One-shot Training for Video Object Segmentation

Baiyu Chen,Sixian Chan,Xiaoqin Zhang
2024-05-23
Abstract:Video Object Segmentation (VOS) aims to track objects across frames in a video and segment them based on the initial annotated frame of the target objects. Previous VOS works typically rely on fully annotated videos for training. However, acquiring fully annotated training videos for VOS is labor-intensive and time-consuming. Meanwhile, self-supervised VOS methods have attempted to build VOS systems through correspondence learning and label propagation. Still, the absence of mask priors harms their robustness to complex scenarios, and the label propagation paradigm makes them impractical in terms of efficiency. To address these issues, we propose, for the first time, a general one-shot training framework for VOS, requiring only a single labeled frame per training video and applicable to a majority of state-of-the-art VOS networks. Specifically, our algorithm consists of: i) Inferring object masks time-forward based on the initial labeled frame. ii) Reconstructing the initial object mask time-backward using the masks from step i). Through this bi-directional training, a satisfactory VOS network can be obtained. Notably, our approach is extremely simple and can be employed end-to-end. Finally, our approach uses a single labeled frame of YouTube-VOS and DAVIS datasets to achieve comparable results to those trained on fully labeled datasets. The code will be released.
Computer Vision and Pattern Recognition
What problem does this paper attempt to address?

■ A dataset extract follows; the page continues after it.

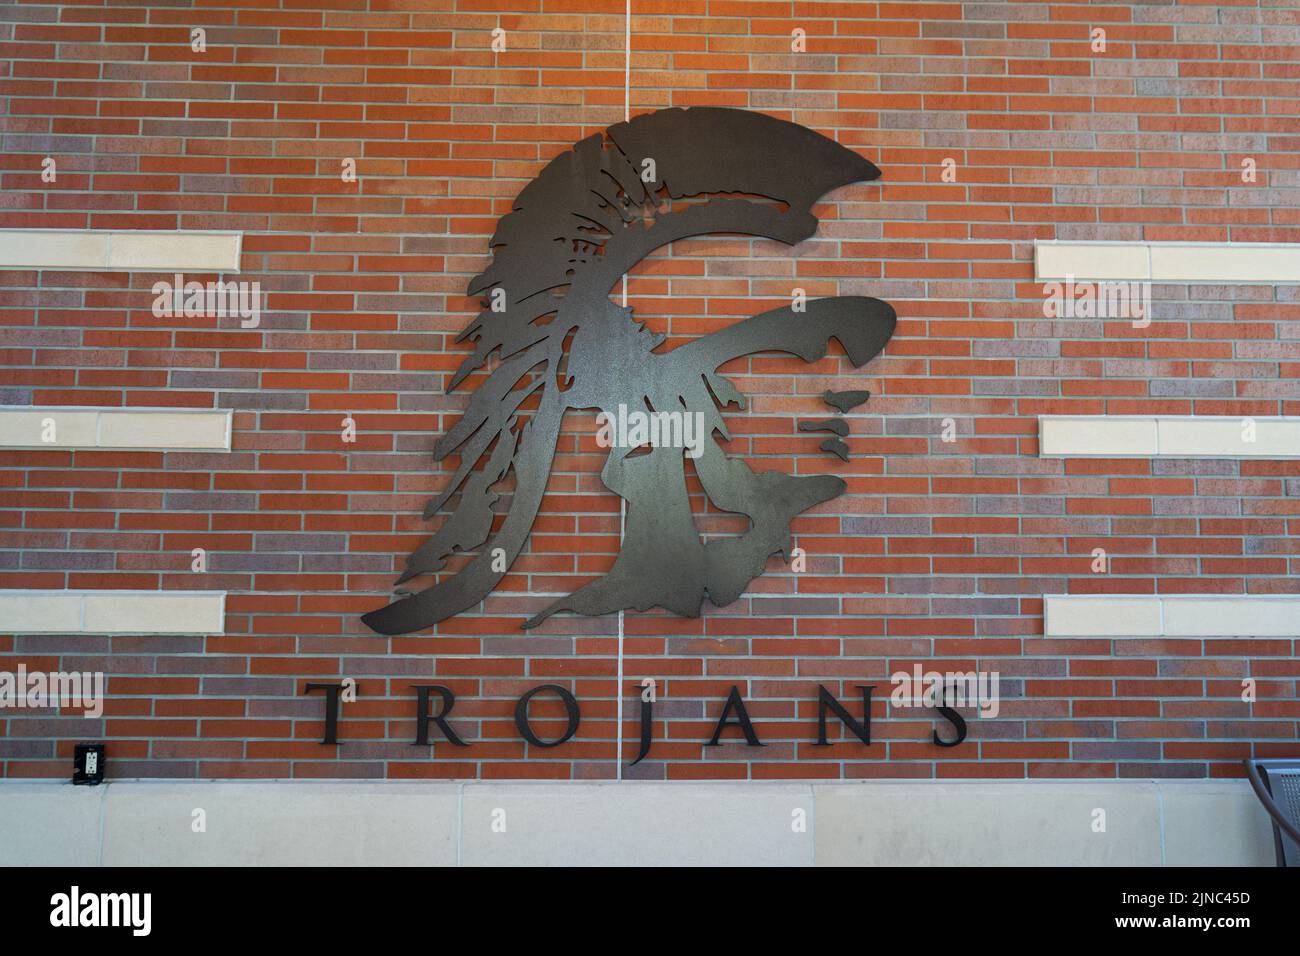 University of Southern California Trojan Logo on a brick wall. Stock Photo

This paper focuses on the problem of Video Object Segmentation (VOS), which is the task of tracking and segmenting objects in videos. Traditional VOS methods usually require fully annotated videos for training, which is both time-consuming and expensive. To address this issue, the paper proposes a new end-to-end one-shot training framework that only requires one annotated frame for each training video, effectively training most advanced VOS networks. The authors observed that VOS networks can predict rough masks in video sequences even starting from noisy reference masks (such as empty or all-black masks). Based on this finding, they designed a feedback loop that predicts object masks through forward inference and then reconstructs the initial masks through backward reconstruction. This bi-directional training method enables the network to be effectively trained without relying on a large amount of annotated data. The main contributions of the paper include: 1. The first proposal of a one-shot training framework applicable to most advanced VOS networks, requiring only one labeled frame per video. 2. A simple and end-to-end training method that demonstrates strong label efficiency and generalization ability. 3. Achieving comparable results to fully annotated data using only one labeled frame from the YouTube-VOS and DAVIS datasets. Compared to self-supervised VOS methods, this method is more efficient but lacks mask priors, which may result in weak robustness for complex scenes. In contrast, semi-supervised methods may require two labeled frames and multiple training stages, while the approach in this paper only requires one labeled frame and can be implemented in an end-to-end manner. Experimental results show that VOS networks trained using this method achieve performance comparable to models trained with fully annotated data on benchmark tests like DAVIS and YouTube-VOS, demonstrating its effectiveness in reducing annotation costs.